Touch with Input: Sensing using linear resonant actuators
As wearables and handheld devices shrink in size, haptics are becoming an increasingly important channel for feedback, whether through silent alarms or the subtle “click” sensation of pressing a button on a touchscreen. Haptic feedback, which is common in almost all wearables and mobile phones, is typically achieved by linear resonance actuators (LRA), a small linear motor that uses resonance to provide a powerful haptic signal in a small package. However, the touch and pressure sensing needed to activate haptic feedback often rely on additional independent hardware, which can increase the price, size and complexity of the system.
ACM UIST 2020 “Touch with Input: In “back emf in linear Resonant Actuators for Touch, pressure, and Environmental Perception,” we demonstrate that the widely available LRA can sense a wide range of external information, such as touch, percussion, and pressure in addition to being able to convey information about contact with skin, objects, and surfaces. We achieved this using an off-the-shelf LRA by multiplexing the drive with short pulses of custom waveforms designed to be induced using a backemf voltage. We demonstrated the potential of this approach in enabling expressive discrete buttons and vibrating haptic interfaces, and showed how it could lead to rich sensing opportunities for integrated haptic modules in mobile devices, increasing sensing capabilities with fewer components. Our technology may be compatible with many existing LRA drivers because they already employ backemf induction to automatically adjust the vibration frequency.
Principle of counter electromotive force in LRA
Inside the LRA housing is a magnet attached to a small mass, and both move freely on the spring. The magnet moves in response to the excitation voltage introduced by the voice coil. The motion of the oscillating mass produces a counter electromotive force, or counter electromotive force, which is a voltage proportional to the rate of change of magnetic flux. A larger oscillation velocity produces a larger counter emf voltage, while a rest mass produces a zero counter EMF voltage.
Active counter electromotive force for induction
Touching or contacting the LRA during vibration changes the velocity of the internal mass as the energy dissipates into the contact object. This applies to soft materials that deform under pressure, such as human bodies. For example, a finger in contact with an LRA will absorb different amounts of energy depending on the contact force. By driving the LRA with a small amount of energy, we can measure this phenomenon using the back emf voltage. Because induction using backemf behavior is an active process, the key insight to enable this work is to design custom non-resonant driver waveforms that allow continuous induction while minimizing vibration, sound, and power consumption.
We measure the back EMF from the floating voltage between the two LRA leads, which requires a temporary disconnection of the motor driver to avoid interference.
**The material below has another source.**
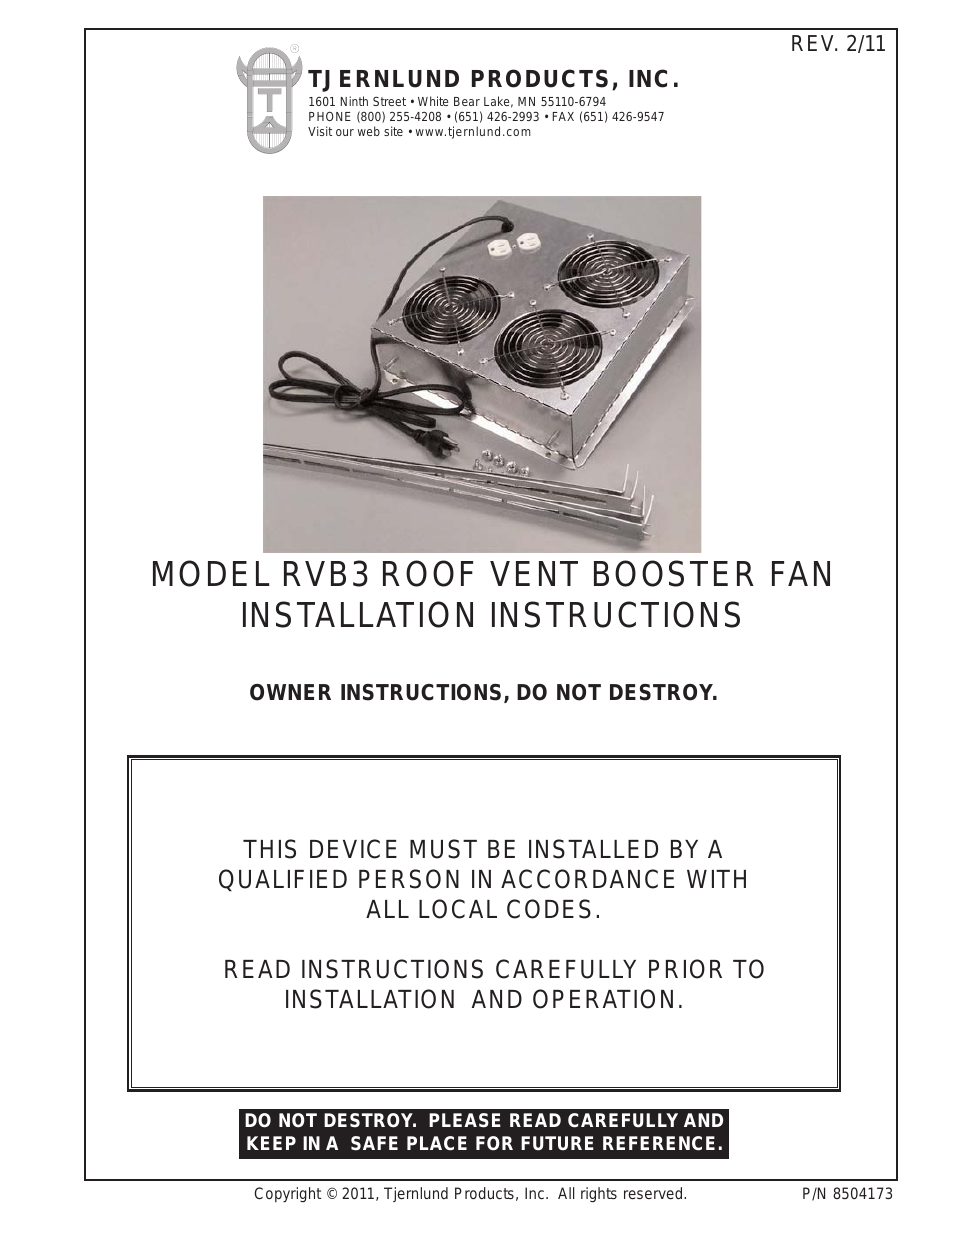 RVB3 Roof Vent Booster Fan 8504173 (Discontinued)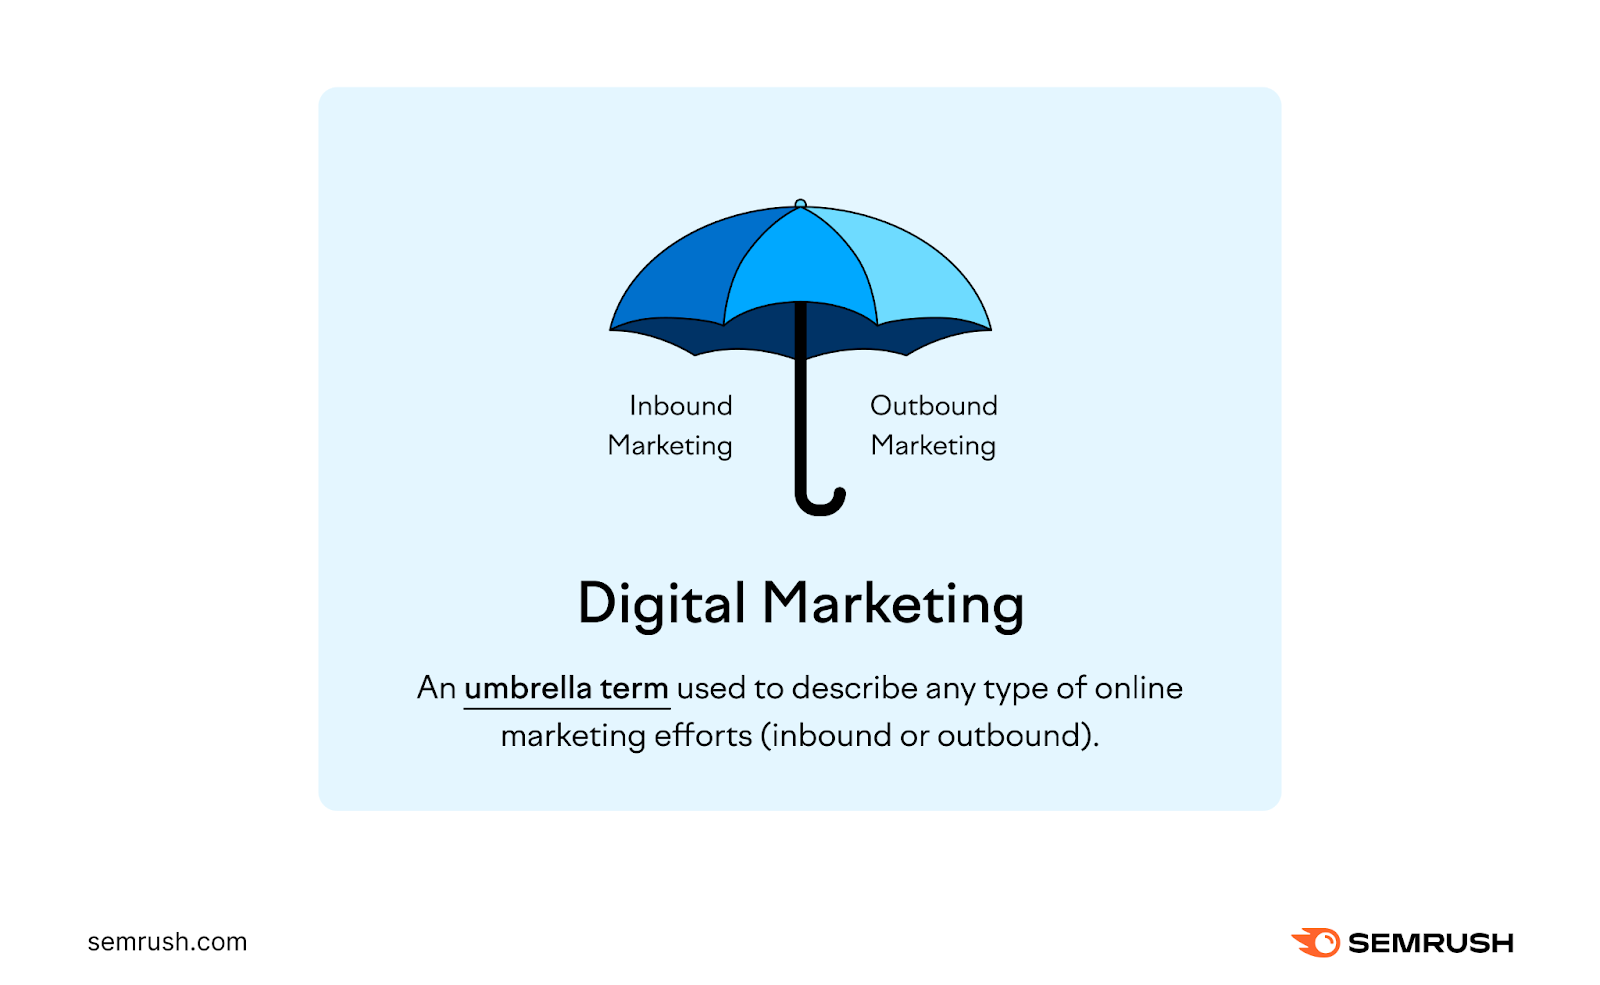 A visual showing digital marketing as an umbrella term for inbound and outbound marketing

When the driver is disconnected, the mass still oscillates inside the LRA, generating an oscillating counter EMF voltage. Since commercial backemf sensing LRA drivers do not provide raw data, we designed a custom circuit capable of picking up and deflating backemf voltages. We also generated custom drive pulses to minimize vibration and energy consumption.
application
LRA used in mobile phones behave the same whether they are on a table, on a soft surface or held in a hand. This can cause problems, as vibrating phones can slide off glass tables or make loud and unnecessary vibrating sounds. Ideally, the LRA on the phone automatically adjusts to its environment. We demonstrated our approach to sensing using THE LRA counter-emf technology by connecting directly to the Pixel 4’s LRA and then classifying whether the phone was held, placed on a soft surface (foam), or placed on a table.
We also presented a prototype that demonstrated how the LRA could be used as a combined input/output device in portable electronics. We connected two LRAS, one on the left side of the phone and one on the right. These buttons provide tap, touch and pressure sensing. They are also programmed to provide tactile feedback when a touch is detected.
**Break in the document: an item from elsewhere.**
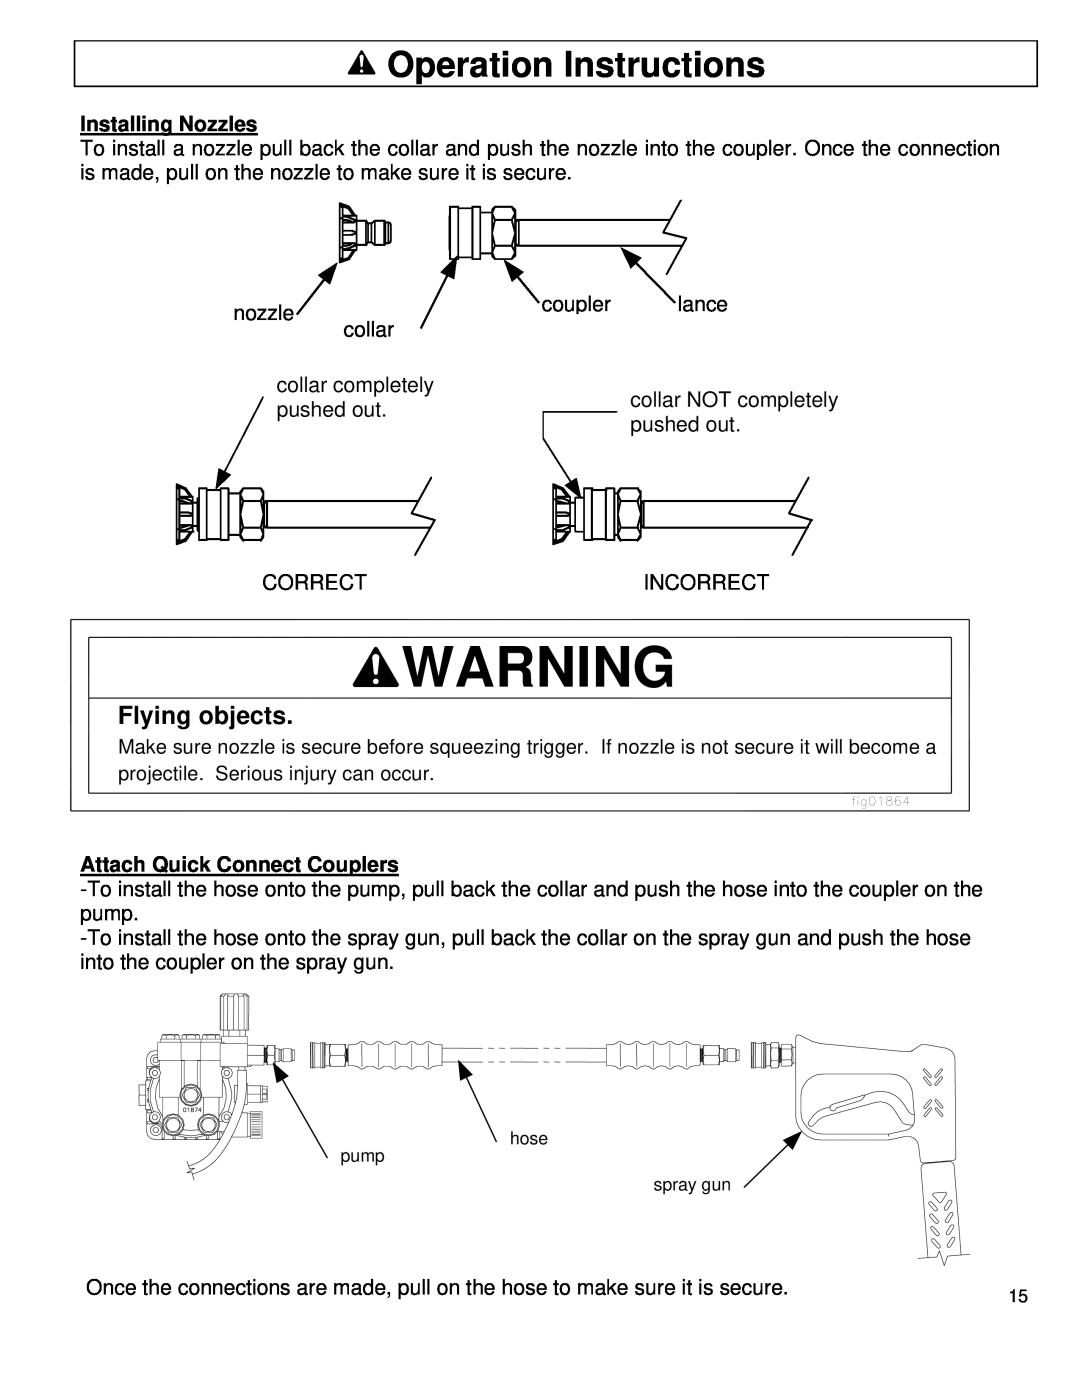 North Star M1578111F owner manual Operation Instructions, Flying objects, Installing Nozzles, Attach Quick Connect Couplers 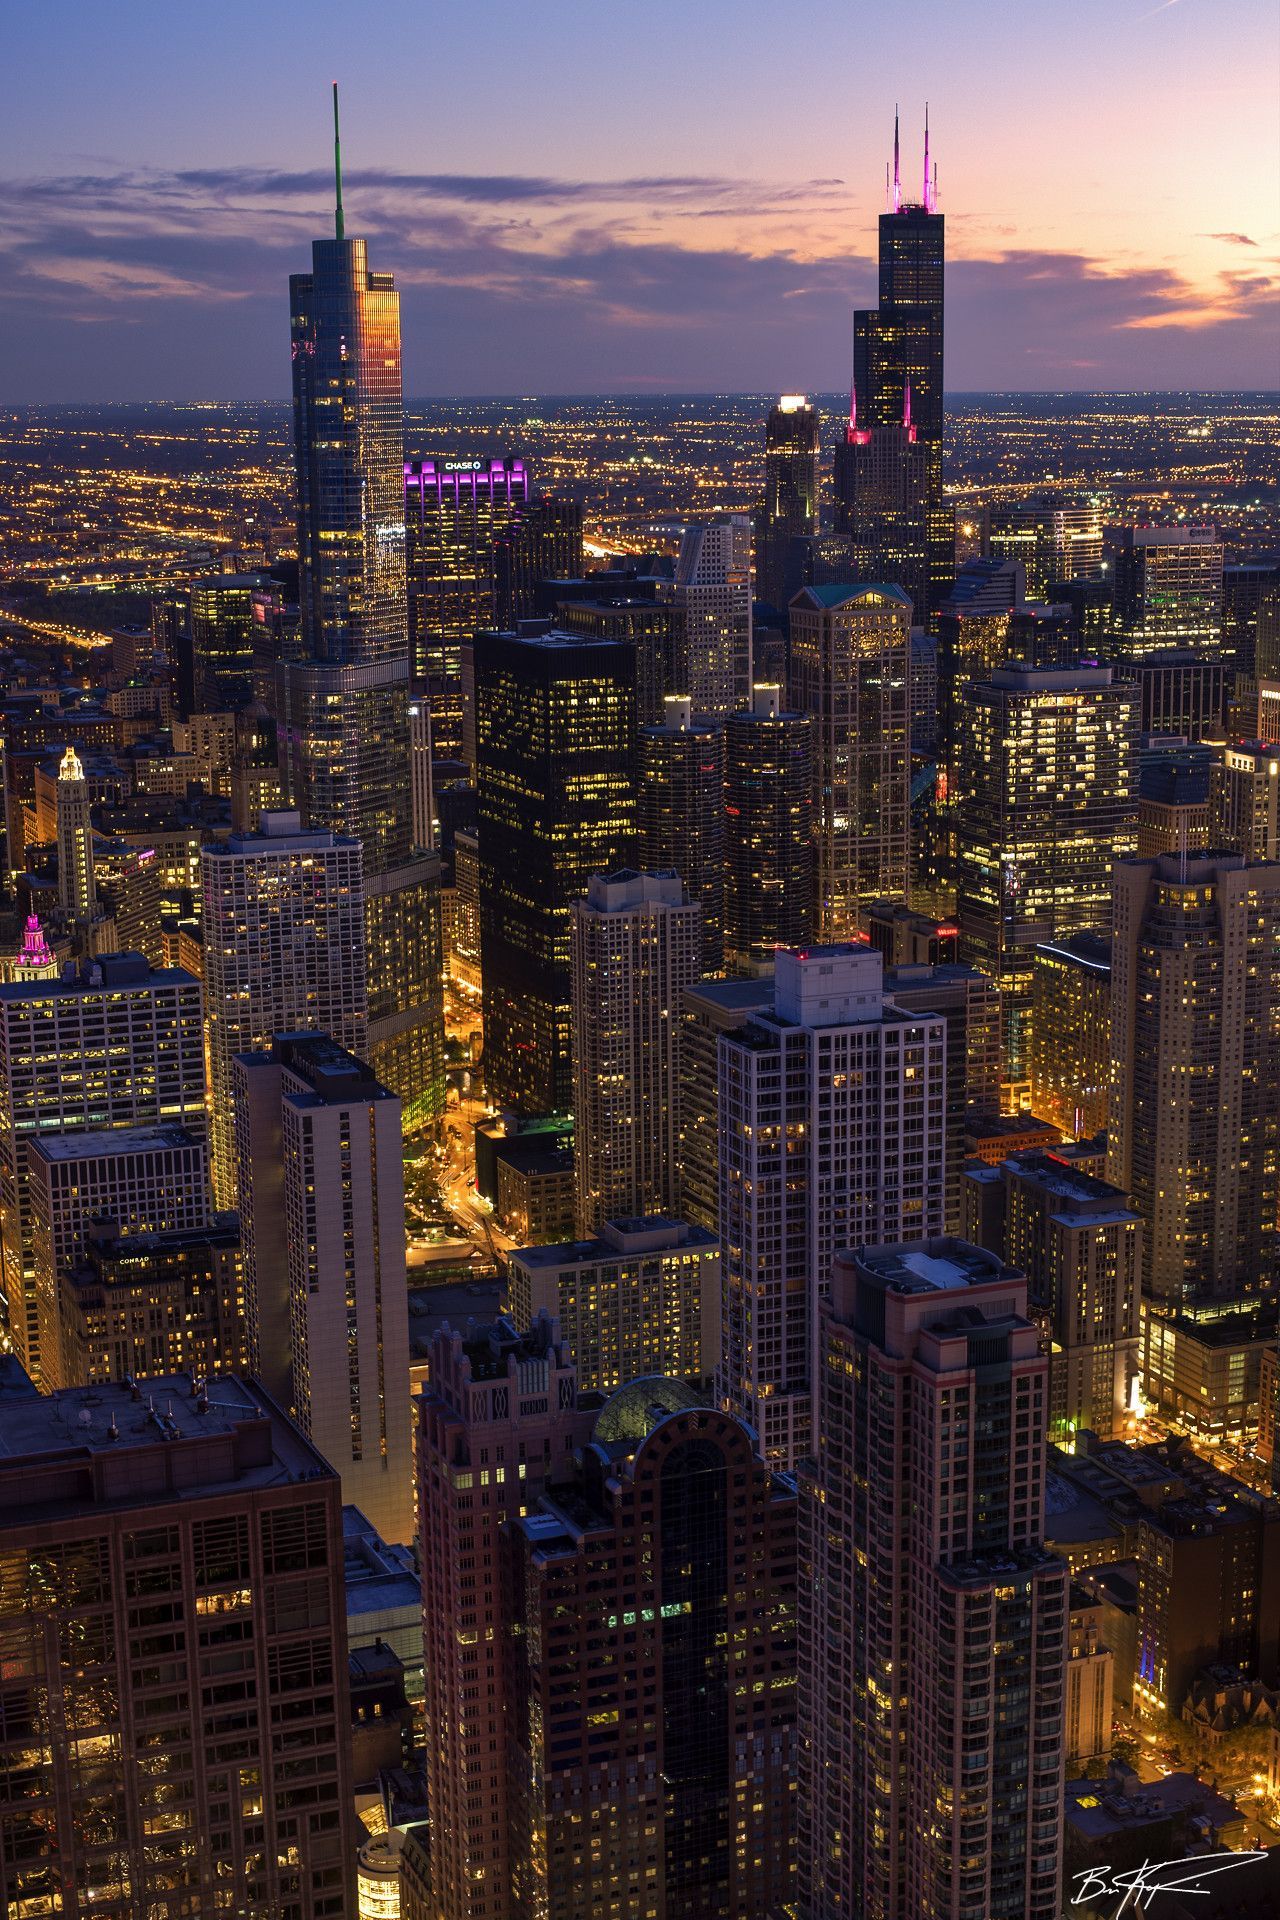 A city skyline at night with buildings and lights - Chicago

There are many wearable tactile AIDS, such as sleeves, vests and bracelets. In order to transmit tactile feedback with a dedicated skin, the tactor must apply the correct pressure; It must not be too loose or too tight. Currently, the typical way to do this is through manual adjustments, which can be inconsistent and lack measurable feedback. We show how LRA counter emf technology can be used to continuously monitor fitted bracelet devices and alert users if it’s too tight, too loose, or just right.
Evaluate the LRA as a sensor
The LRA works well as a pressure sensor because it has a secondary response to the magnitude of the force during touch. Our approach applies to all five off-the-shelf LRA types we evaluated. With typical power consumption of just 4.27 mA, all-day sensing will only shorten the Pixel 4 phone’s battery life from 25 hours to 24 hours. Power consumption can be greatly reduced by using low-power amplifiers and using active sensing only when needed, such as when the phone is active and interacting with the user.
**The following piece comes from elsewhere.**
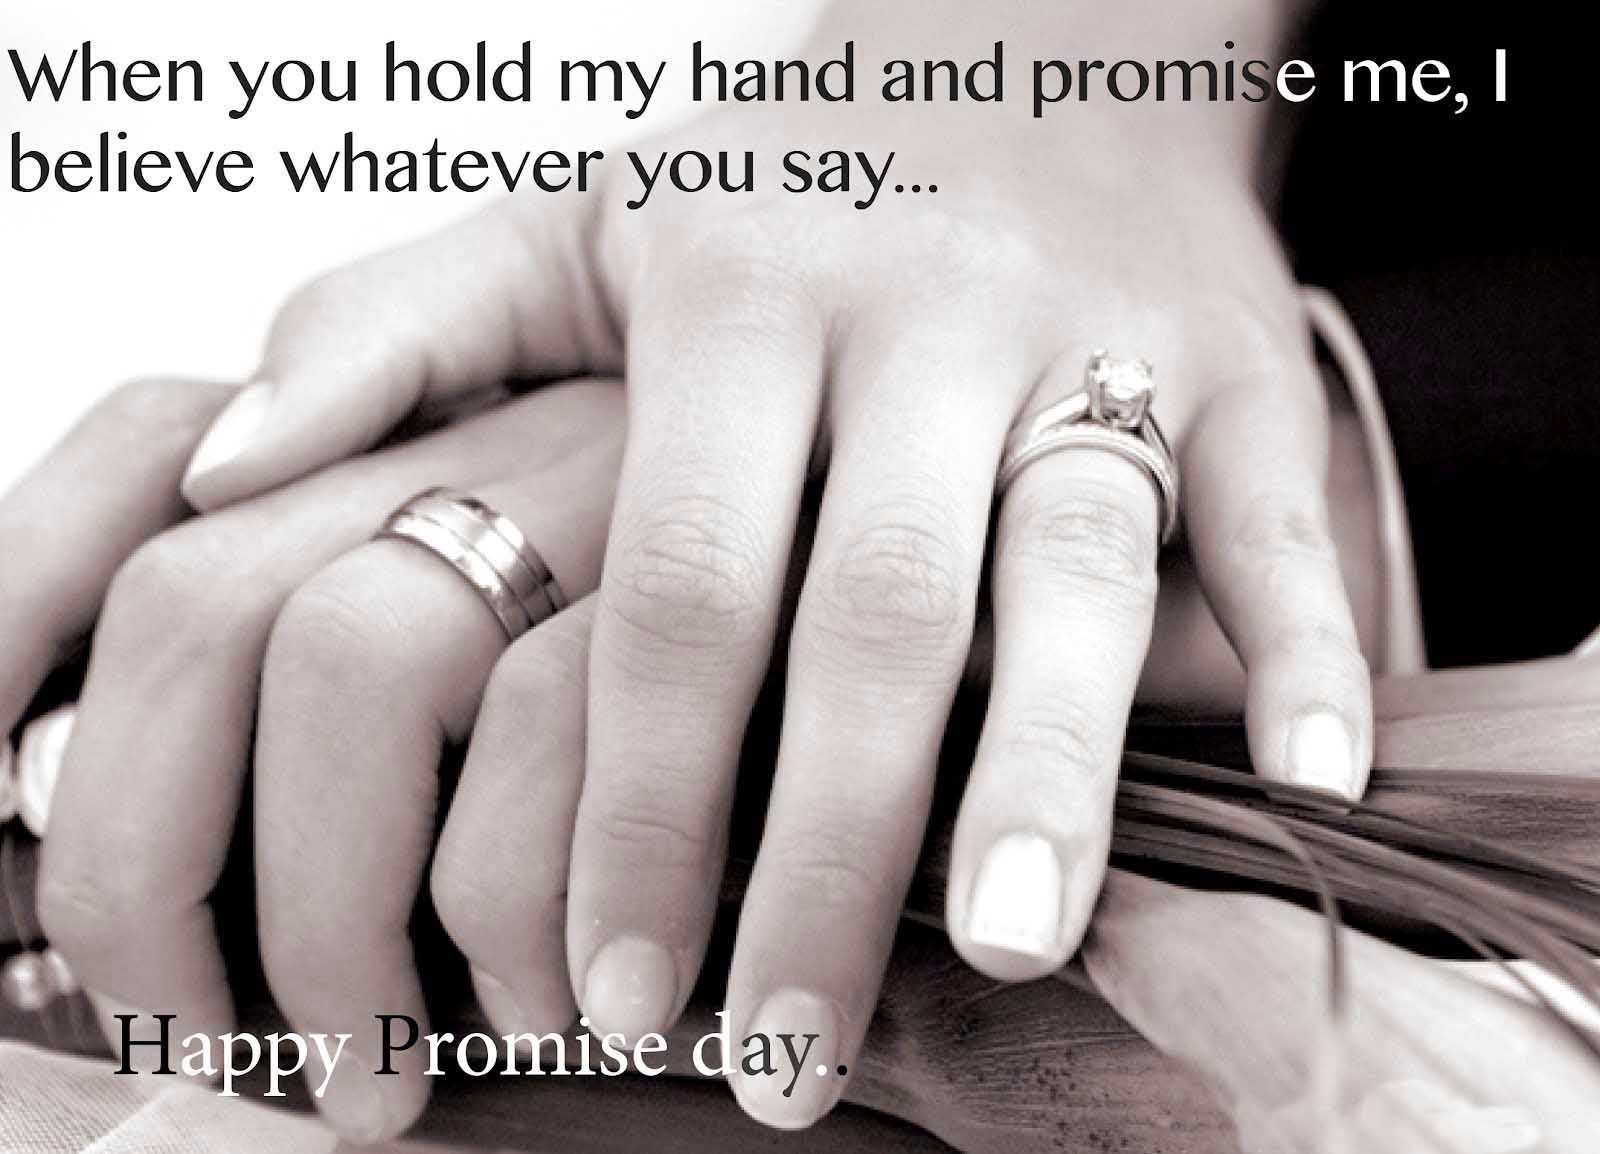 When You Hold My Hand And Promise Me, I Believe Whatever You Say Happy Promise Day Wallpaper

The challenge with active sensing is to minimize vibration so that they are not detectable when touched and do not produce audible sounds. We optimized the active sensing to produce only 2 dB of sound and a peto-peak acceleration of 0.45 m/s 2, almost imperceptible to the fingers and quiet, compared to the conventional 8.49 m/s 2.
In the future, we plan to explore other sensing technologies, perhaps measuring electric currents could be an alternative. In addition, the use of machine learning may improve sensing and provide more accurate classification of complex counter-emf patterns. Our method can be further developed to achieve closed-loop feedback with the actuator and sensor, which will allow the actuator to provide the same force regardless of external conditions.
We believe this work opens up new opportunities to provide rich interactive and closed-loop feedback haptic actuators using existing ubiquitous hardware.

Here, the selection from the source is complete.